• Problem statement: Give the records again, word for word.

• Dataset excerpts:
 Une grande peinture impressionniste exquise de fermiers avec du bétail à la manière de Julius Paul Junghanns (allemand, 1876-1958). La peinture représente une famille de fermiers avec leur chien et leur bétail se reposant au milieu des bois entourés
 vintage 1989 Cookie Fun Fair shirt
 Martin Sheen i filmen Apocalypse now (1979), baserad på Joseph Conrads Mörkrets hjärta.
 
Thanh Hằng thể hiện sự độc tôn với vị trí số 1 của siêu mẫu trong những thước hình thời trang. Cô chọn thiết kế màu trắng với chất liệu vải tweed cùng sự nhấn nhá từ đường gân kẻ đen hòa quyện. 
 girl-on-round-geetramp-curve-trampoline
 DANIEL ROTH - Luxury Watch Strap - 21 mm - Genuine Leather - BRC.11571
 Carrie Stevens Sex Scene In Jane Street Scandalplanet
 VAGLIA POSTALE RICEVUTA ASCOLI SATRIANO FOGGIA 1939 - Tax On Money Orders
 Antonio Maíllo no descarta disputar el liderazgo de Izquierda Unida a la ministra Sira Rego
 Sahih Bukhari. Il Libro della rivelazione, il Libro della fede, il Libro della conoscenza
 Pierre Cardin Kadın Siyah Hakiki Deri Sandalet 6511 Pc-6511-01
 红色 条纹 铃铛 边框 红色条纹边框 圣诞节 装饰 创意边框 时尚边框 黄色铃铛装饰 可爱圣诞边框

• Result:
 Une grande peinture impressionniste exquise de fermiers avec du bétail à la manière de Julius Paul Junghanns (allemand, 1876-1958). La peinture représente une famille de fermiers avec leur chien et leur bétail se reposant au milieu des bois entourés
 vintage 1989 Cookie Fun Fair shirt
 Martin Sheen i filmen Apocalypse now (1979), baserad på Joseph Conrads Mörkrets hjärta.
 
Thanh Hằng thể hiện sự độc tôn với vị trí số 1 của siêu mẫu trong những thước hình thời trang. Cô chọn thiết kế màu trắng với chất liệu vải tweed cùng sự nhấn nhá từ đường gân kẻ đen hòa quyện. 
 girl-on-round-geetramp-curve-trampoline
 DANIEL ROTH - Luxury Watch Strap - 21 mm - Genuine Leather - BRC.11571
 Carrie Stevens Sex Scene In Jane Street Scandalplanet
 VAGLIA POSTALE RICEVUTA ASCOLI SATRIANO FOGGIA 1939 - Tax On Money Orders
 Antonio Maíllo no descarta disputar el liderazgo de Izquierda Unida a la ministra Sira Rego
 Sahih Bukhari. Il Libro della rivelazione, il Libro della fede, il Libro della conoscenza
 Pierre Cardin Kadın Siyah Hakiki Deri Sandalet 6511 Pc-6511-01
 红色 条纹 铃铛 边框 红色条纹边框 圣诞节 装饰 创意边框 时尚边框 黄色铃铛装饰 可爱圣诞边框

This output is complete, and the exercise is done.